Picking up on this issue, you testified yesterday that the president cannot order torture, because it would violate a statute. In light of your answer a moment ago, would you say that is because the president does not have Article II power, to protect the country, to authorize torture?

MR. MUKASEY: The president can't authorize torture, because torture is barred both by statute and by the Constitution. And I'd be happy to walk back through that if you wish.

SEN. SPECTER: Well, where in the Constitution is torture barred?

MR. MUKASEY: It's barred by the Fifth, the 14th and the Eighth Amendments. The Fifth and the 14th Amendments bar conduct that shocks the conscience. They've been so interpreted.

SEN. SPECTER: Fine. I see your rationale.

Let me move on the same issue to the Foreign Intelligence Surveillance Act, FISA. That provides that the exclusive procedure for obtaining a wiretap is to go and get a warrant on probable cause. Was the president permitted to violate FISA because of his Article II powers, or was his violation of FISA a violation of law?

MR. MUKASEY: I'm not sure what violation it is we're talking about. If we're talking about the Terrorist Surveillance Program, I think I said yesterday --

SEN. SPECTER: I'm talking about the Terrorist Surveillance Program, which has warrantless wiretaps, contrasted with FISA, which says the exclusive procedure to have a wiretap is to get a warrant. Now, what the president did violates FISA. Is it justifiable on his Article II powers because -- well, that's the question.

MR. MUKASEY: As I understand it, the president believed at the time and still believes that FISA was not the only applicable statute; that part of -- that he was acting with authorization under the authorization for the use of military force. I understand that there are -- there is more than one view on that. He gave a long --

SEN. SPECTER: Judge Mukasey, I don't think anybody --

MR. MUKASEY: I'm sorry?

SEN. SPECTER: -- ever really seriously contended that our resolution of September 14th authorizing the use of force encompassed a violation of FISA. But let me move on.

There are so many issues to cover, that I want to move into another area. I think the record is fairly clear as to your views on Article II power and the statute and what you said on torture.

Before proceeding to some other issues, I want to make a comment about Steve Bradbury, who's the acting assistant attorney general, Office of Legal Counsel. There has been a request -- some members of the committee, some senators, have asked that his -- that he be withdrawn from that position. I believe he's very competent and I believe he ought to be confirmed.
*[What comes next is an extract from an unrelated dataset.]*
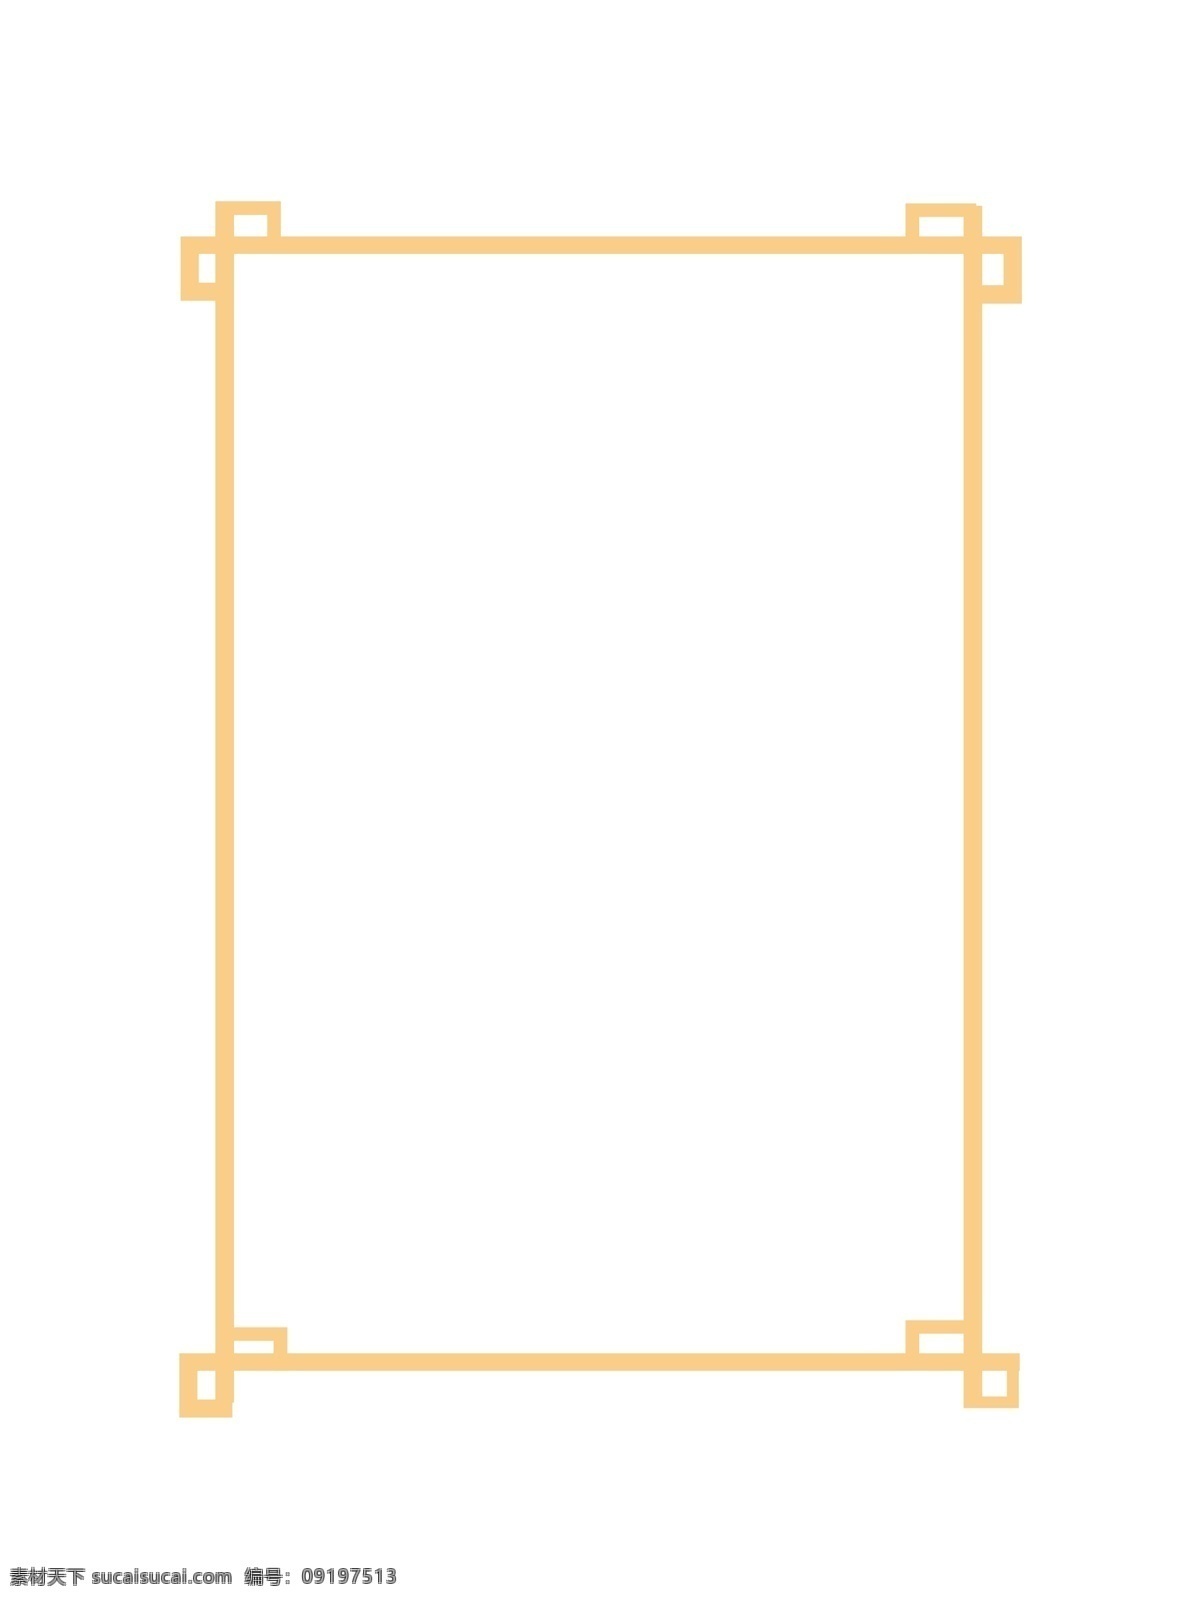 黄色 中国 风 古典 框架 古典框架 欧式边框 边框纹理 黄色边框 欧式框架 花纹边框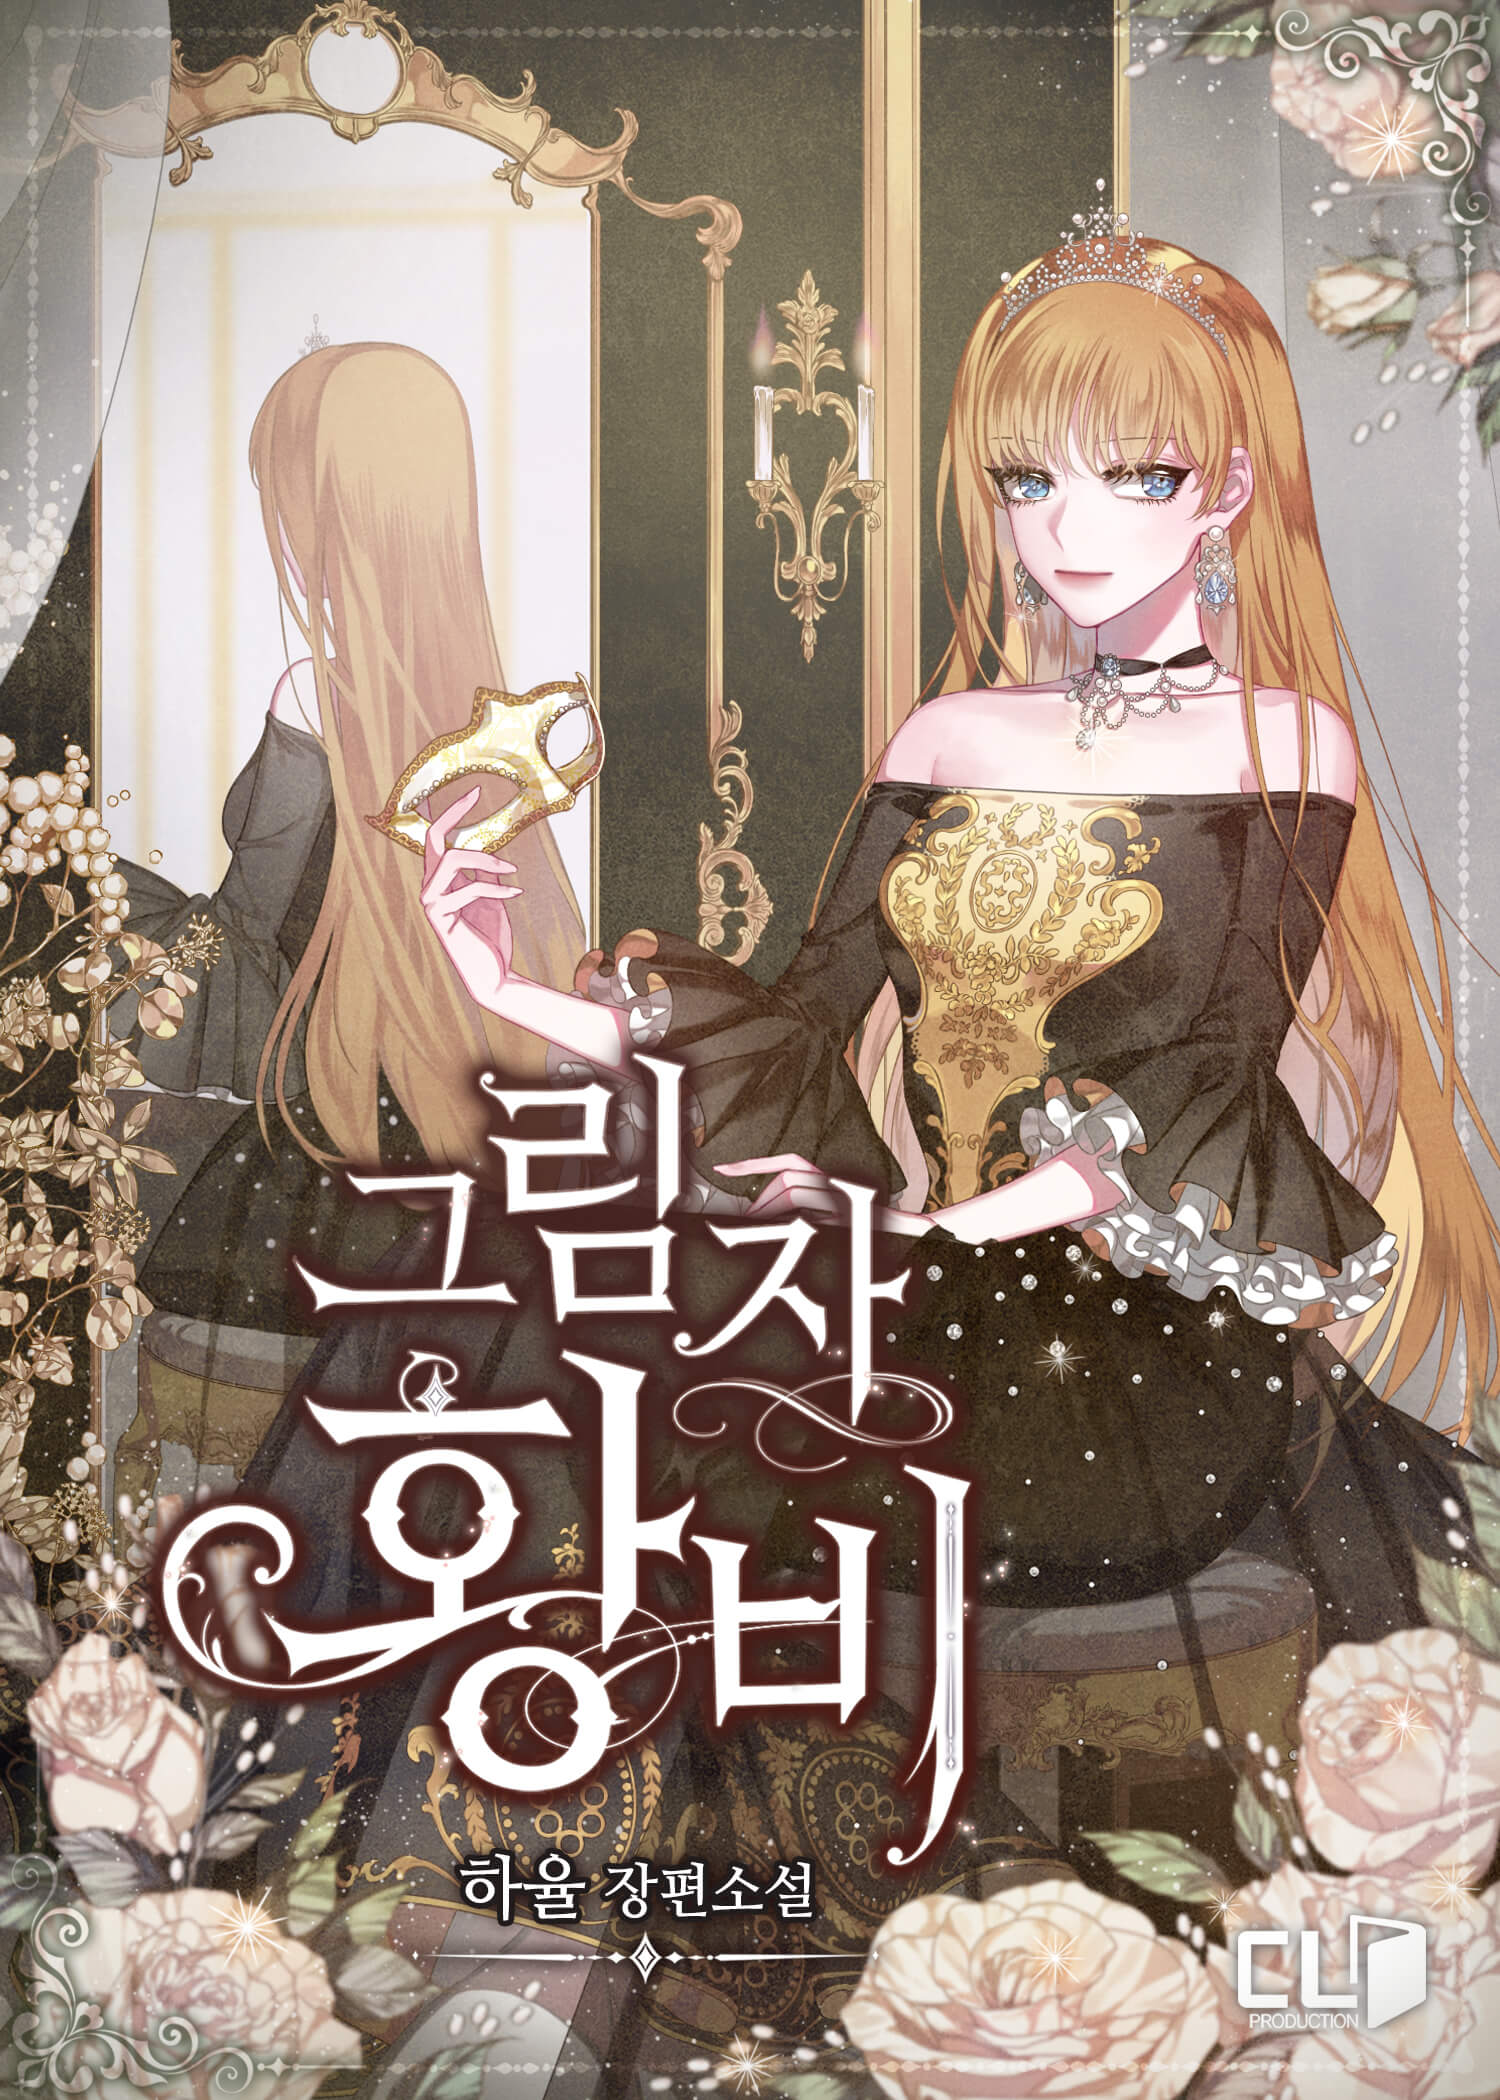 Shadow Queen - Novel Updates

And people disagree with things he has done, but those acts on Mr. Bradbury's part have been carrying out the president's orders, and I think he has no choice on that. We've been into that in some detail with Attorney General Gonzales when we had an issue about having Office of Professional Responsibility see if the Terrorist Surveillance Program was properly authorized under the law.

And Attorney General Gonzales said that was the president's decision, put it squarely on the president, and I think that's what's happened with Steve Bradbury. And in June and July, there was considerable discussion about the telephone companies' responsibilities. And the committee, when I chaired it, was moving for subpoenas, and Vice President Cheney intervened and talked to members of the committee on the Republican side without talking to me.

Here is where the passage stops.